Clustered Index on Multiple Fields

  • Hello,

    I have a big table, around 700 Million rows for 30 GBs.

    The table is structured as such :

    DateId

    OtherId1

    OtherId2

    OtherId3

    Value

    Right now my table is a heap.

    The only unicity is throught the use of every ID column (first 4 columns)

    No column in itself allows to greatly filter the data.

    The users are using the table in various and unmonitored way...

    Not always by the date.

    They're often grouping the values based on one ID or more.

    What to do ?

    I'm convinced that I need a Clustered Index but in which order ?

    If I build a cluster in a certain order and a user is not using the fields accordingly, will his query still benefit from the Clustered index ?

    Thanks,

  • the use of every ID column (first 4 columns)

    No column in itself allows to greatly filter the data.

    The users are using the table in various and unmonitored way...

    Not always by the date.

    They're often grouping the values based on one ID or more.

    ...What to do ?

    I'm convinced that I need a Clustered Index but in which order ?
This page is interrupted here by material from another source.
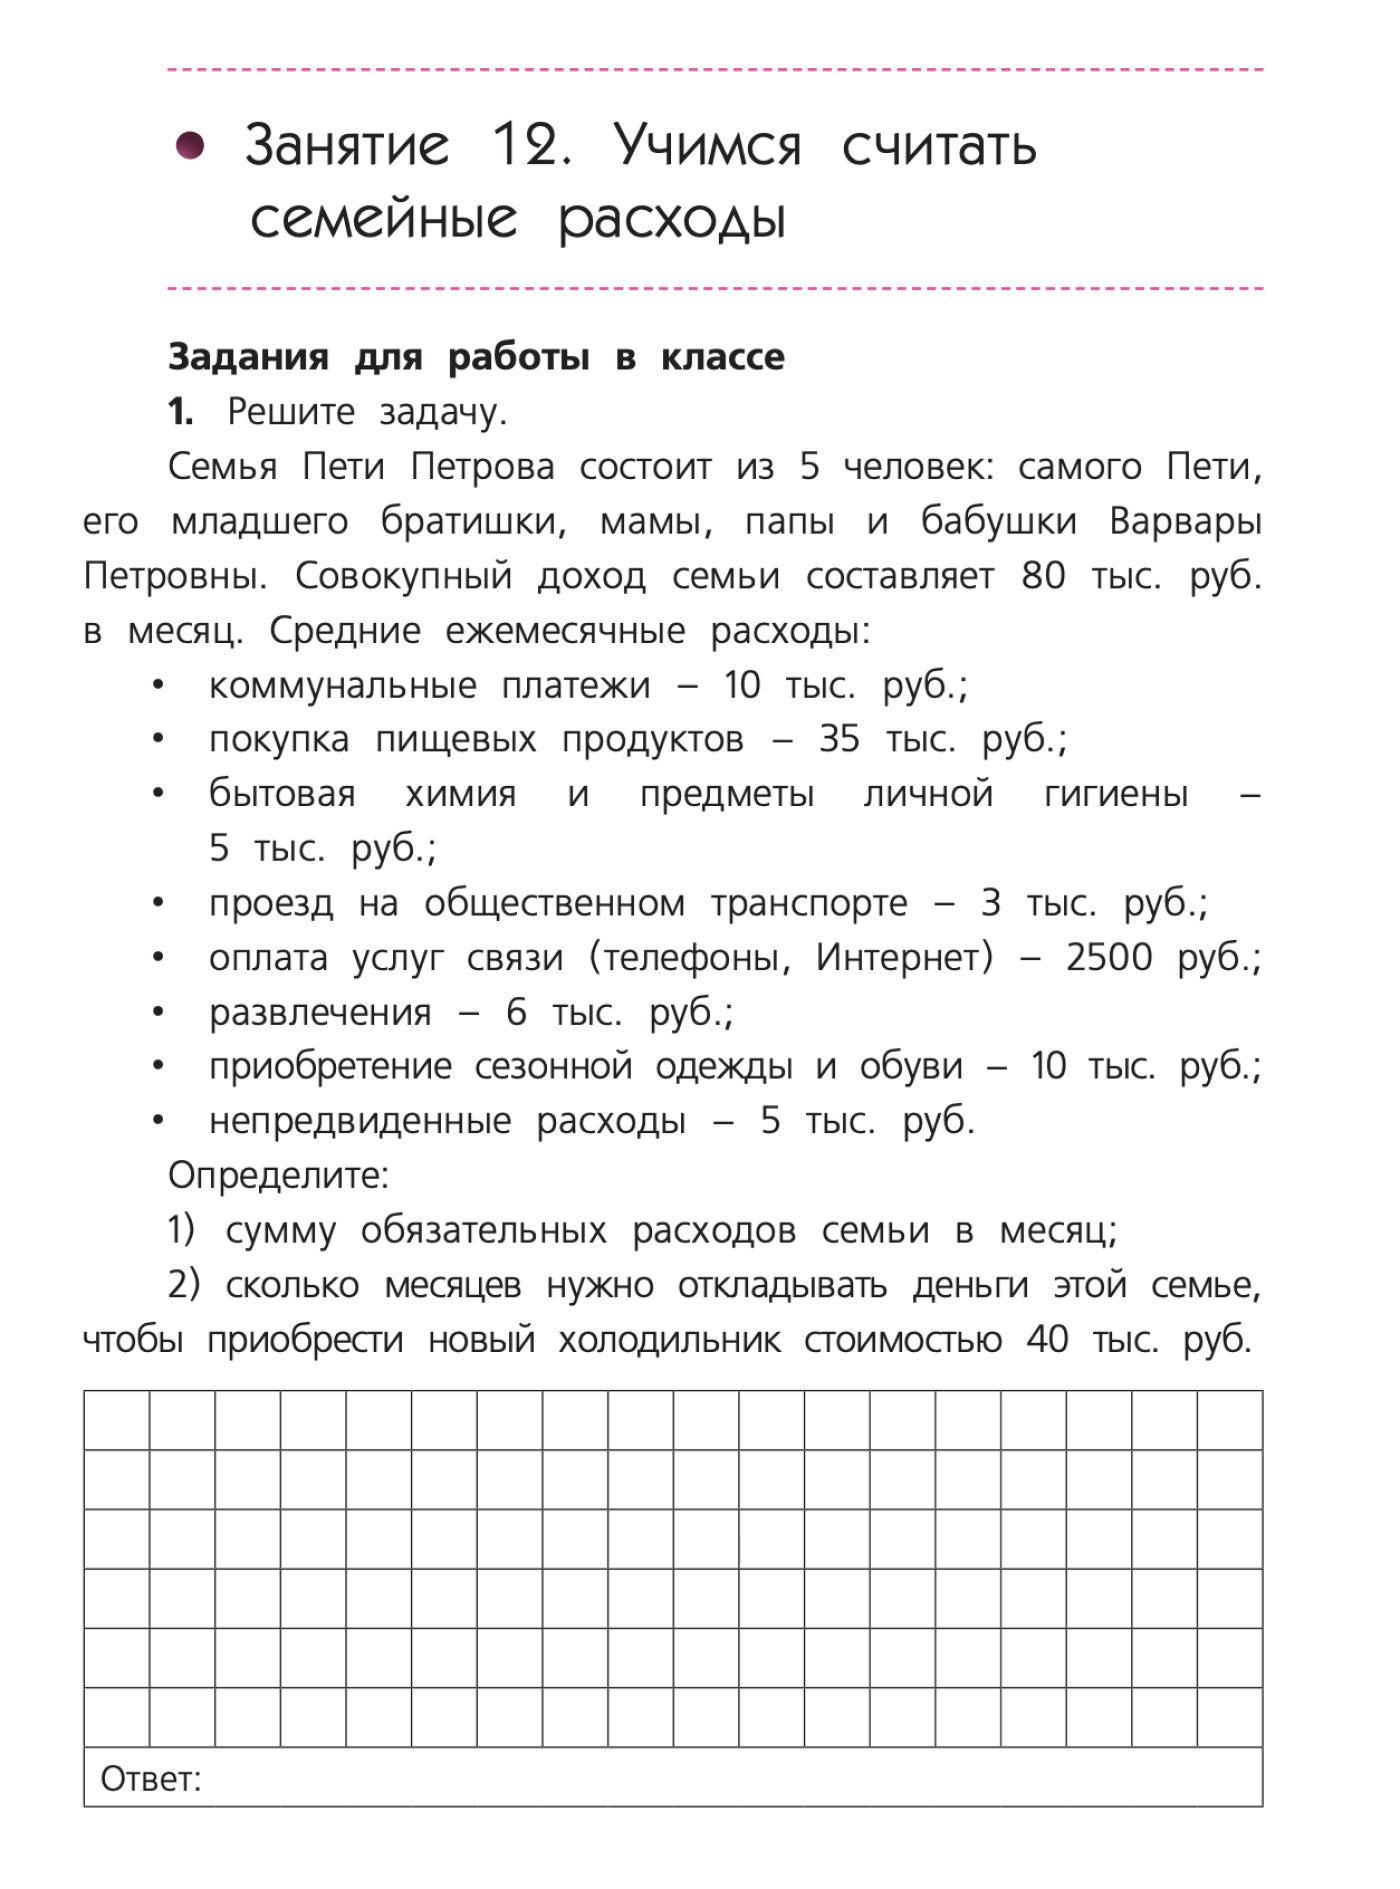 Пример задания на составление бюджета из рабочей тетради «Финансовая грамотность» Юлии Корлюговой и Анастасии Половниковой для пятых — седьмых классов

    There's an old BI saying, "if you can't measure it, you can't manage it. " In the long run I'd encourage you to track the queries against this table. You can use DMVs or Extended Events to identify things like your most common and most expensive queries.
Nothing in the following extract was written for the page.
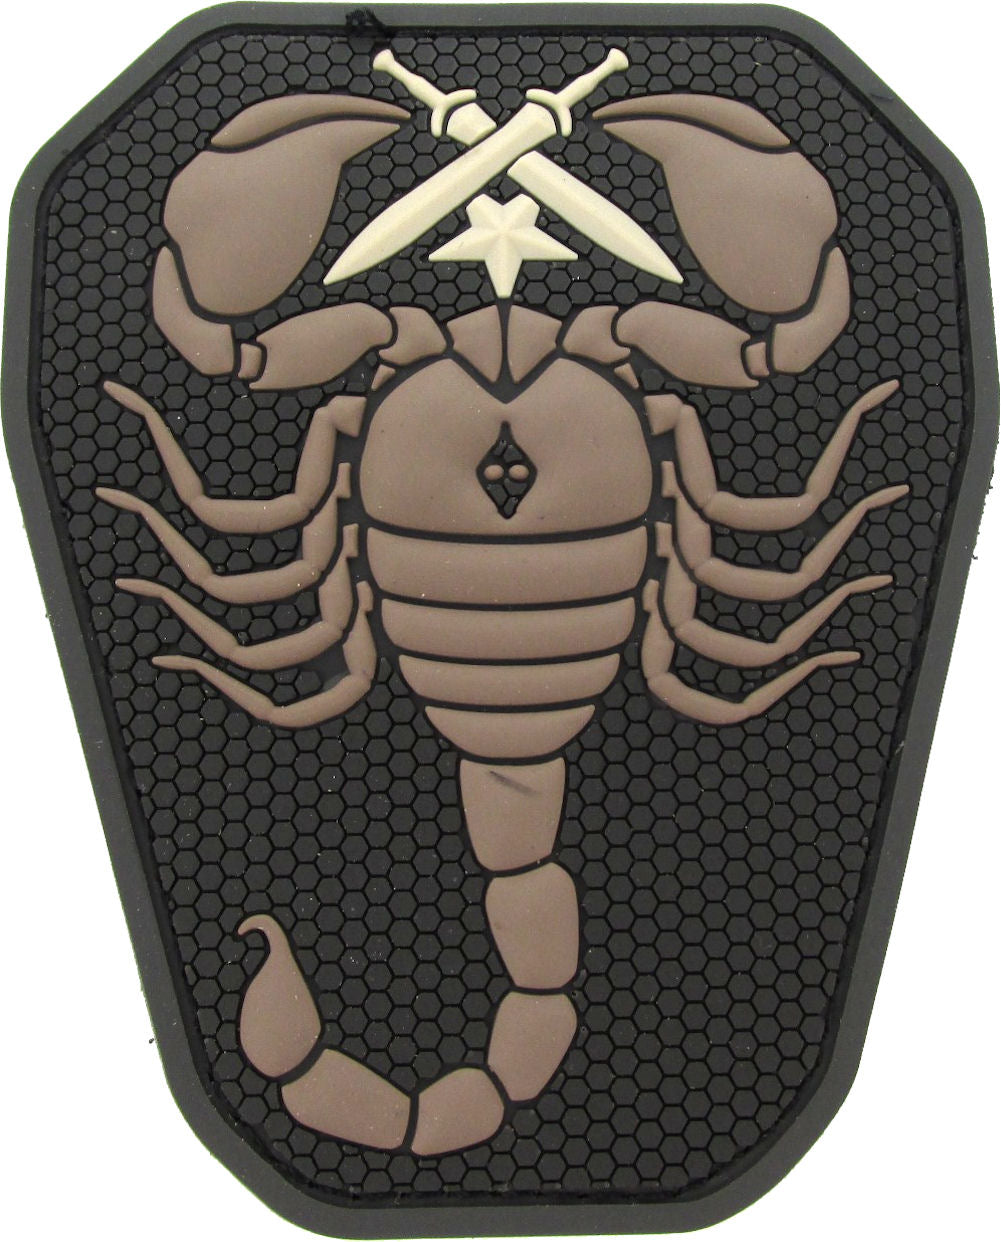 Scorpion Unit Morale Patch PVC - Mil-Spec Monkey

    That said, I would consider adding a surrogate key (e.g. an identity column) and use the date and surrogate key as your clustered index keys. (Date first, surrogate key second).
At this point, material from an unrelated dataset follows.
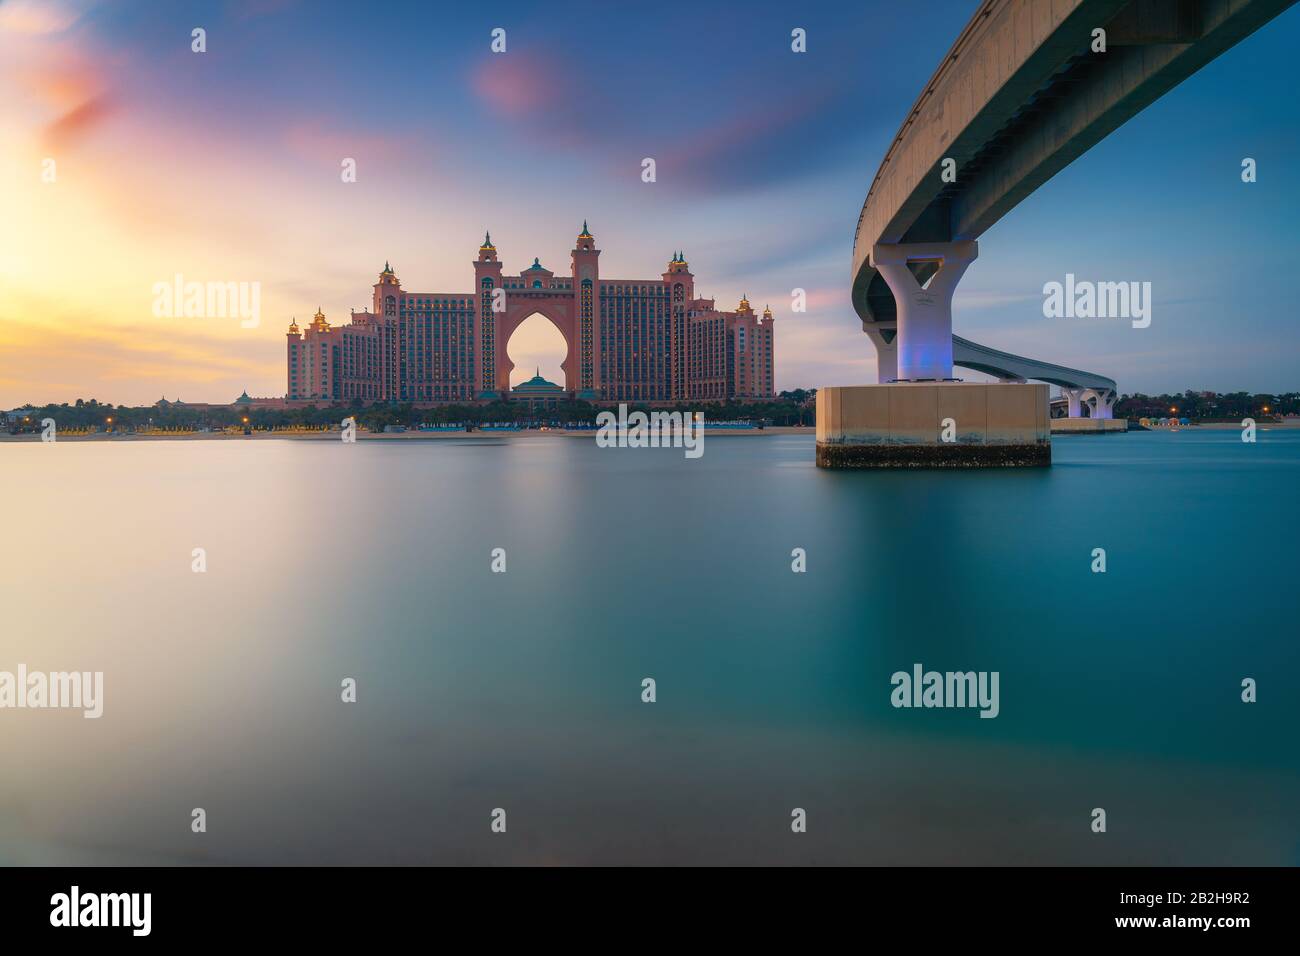 Vue imprenable sur Atlantis Resort, Hotel & Theme Park sur l'île de Palm Jumeirah, vue de la Pointe Dubai, Emirats Arabes Unis. Inspiration voyage de luxe. Banque D'Images

    Then, based on your analysis of the queries against that table, I'd add some nonclustered indexes to support the most common and/or expensive queries.

    If I build a cluster in a certain order and a user is not using the fields accordingly, will his query still benefit from the Clustered index ?

    No. But they will from nonclustered indexes if they'really designed correctly.

    "I cant stress enough the importance of switching from a sequential files mindset to set-based thinking. After you make the switch, you can spend your time tuning and optimizing your queries instead of maintaining lengthy, poor-performing code."

    -- Itzik Ben-Gan 2001

  • AlanB, can you please elaborate why you suggest an identity column on this table? That is what almost all of my clients do on, well, every single table and many (including this one from what I know so far) just shouldn't have them.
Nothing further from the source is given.